Watch the final stages of the India-Bangladesh game, if possible with head-phones in place, and on Hotstar. Desperate for a wicket, the Indians gave an intimidating welcome to every late order Bangladesh batsman. The close-in fielder would corner him and shower him with profanities.

It was a throwback to that ugly Monkeygate India-Australia series in 2008. The scene of boys in blue bullying the Bangladesh rivals brought to mind late cricket writer Peter Roebuck’s famous words indicting Aussie skipper Ricky Ponting: “In the past few days Ponting has presided over a performance that dragged the game into the pits. He turned a group of professional cricketers into a pack of wild dogs.” Roebuck saw it coming, much before Sandpaper Gate.

Bangladesh was no better. Their bowlers and fielders, too, gave the lip to Indian batsmen.
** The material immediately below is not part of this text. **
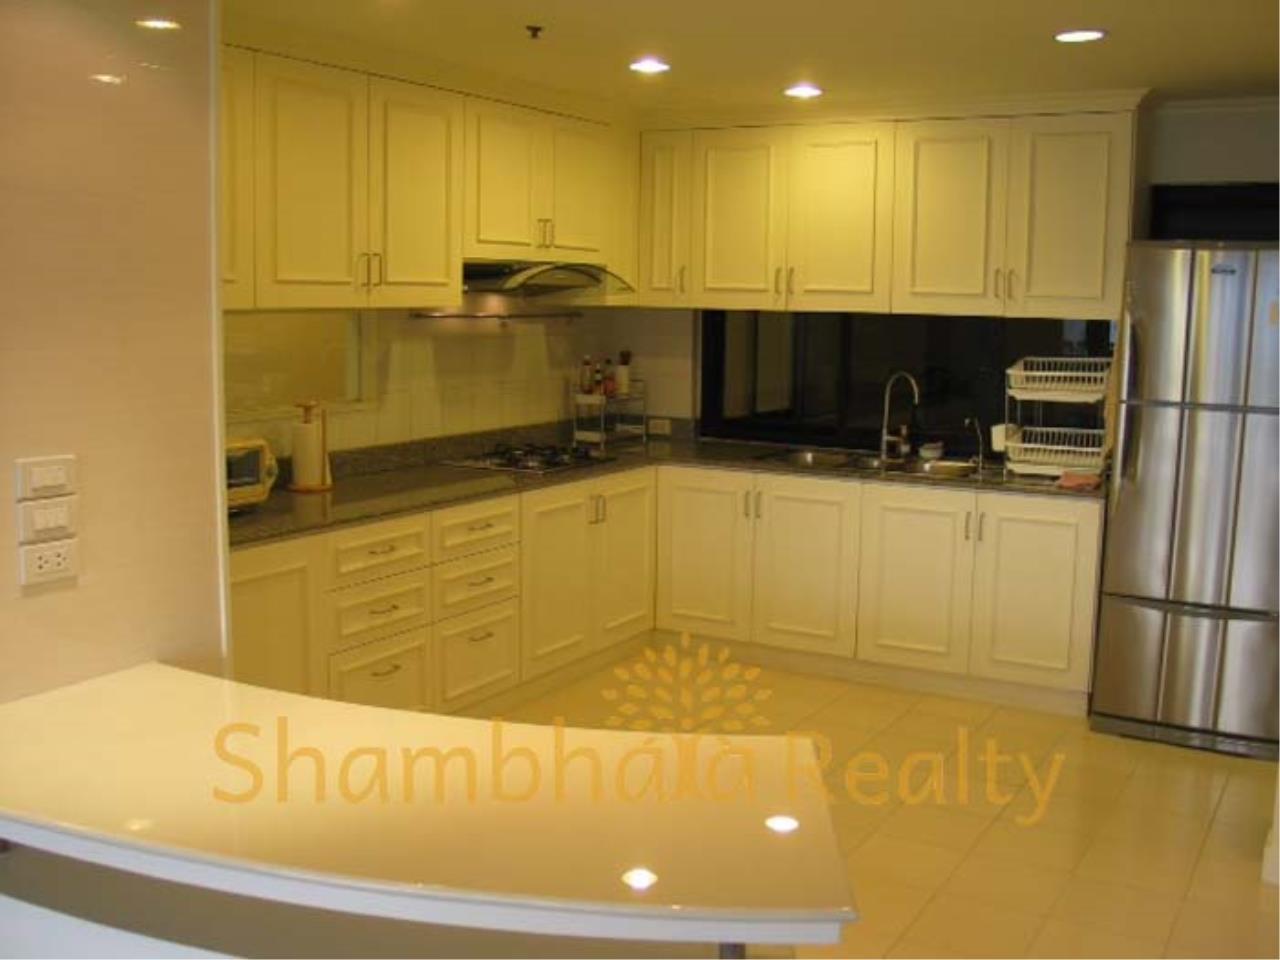 Shambhala Realty Agency's Kiat Thani Condominium for Sale in sukhumvit 31 10

Both cricket-crazy nations need to learn from history. For starters, the two sets of players need to sit down and listen to the Kiwi great, Brendon McCullum’s, 2008 Spirit of Cricket Colin Cowdrey lecture.

He explains the Kiwi Way of playing cricket. “It is vital that you understand that we were never trying to be ‘nice guys’. We were just trying to be authentic in how we acted, played the game and carried ourselves. For us, sledging in an abusive manner just didn’t fit with who we believed we had to be. It wasn’t authentic to being a New Zealander.”

Twelve years later, in this same U-19 World Cup, two New Zealand players carried a badly cramping West Indies batsman from the pitch to the boundary line. It was a tight quarter-final game that New Zealand won by two runs in the game’s last over. The Black Caps lads showed they could be nice and still win. They were just carrying forward the McCullum legacy. Sledging just didn’t fit.

India needs to look in the mirror and ask the same question. Does sledging suit them? Till an honest answer arrives, live cricket should come with a disclaimer about offensive content.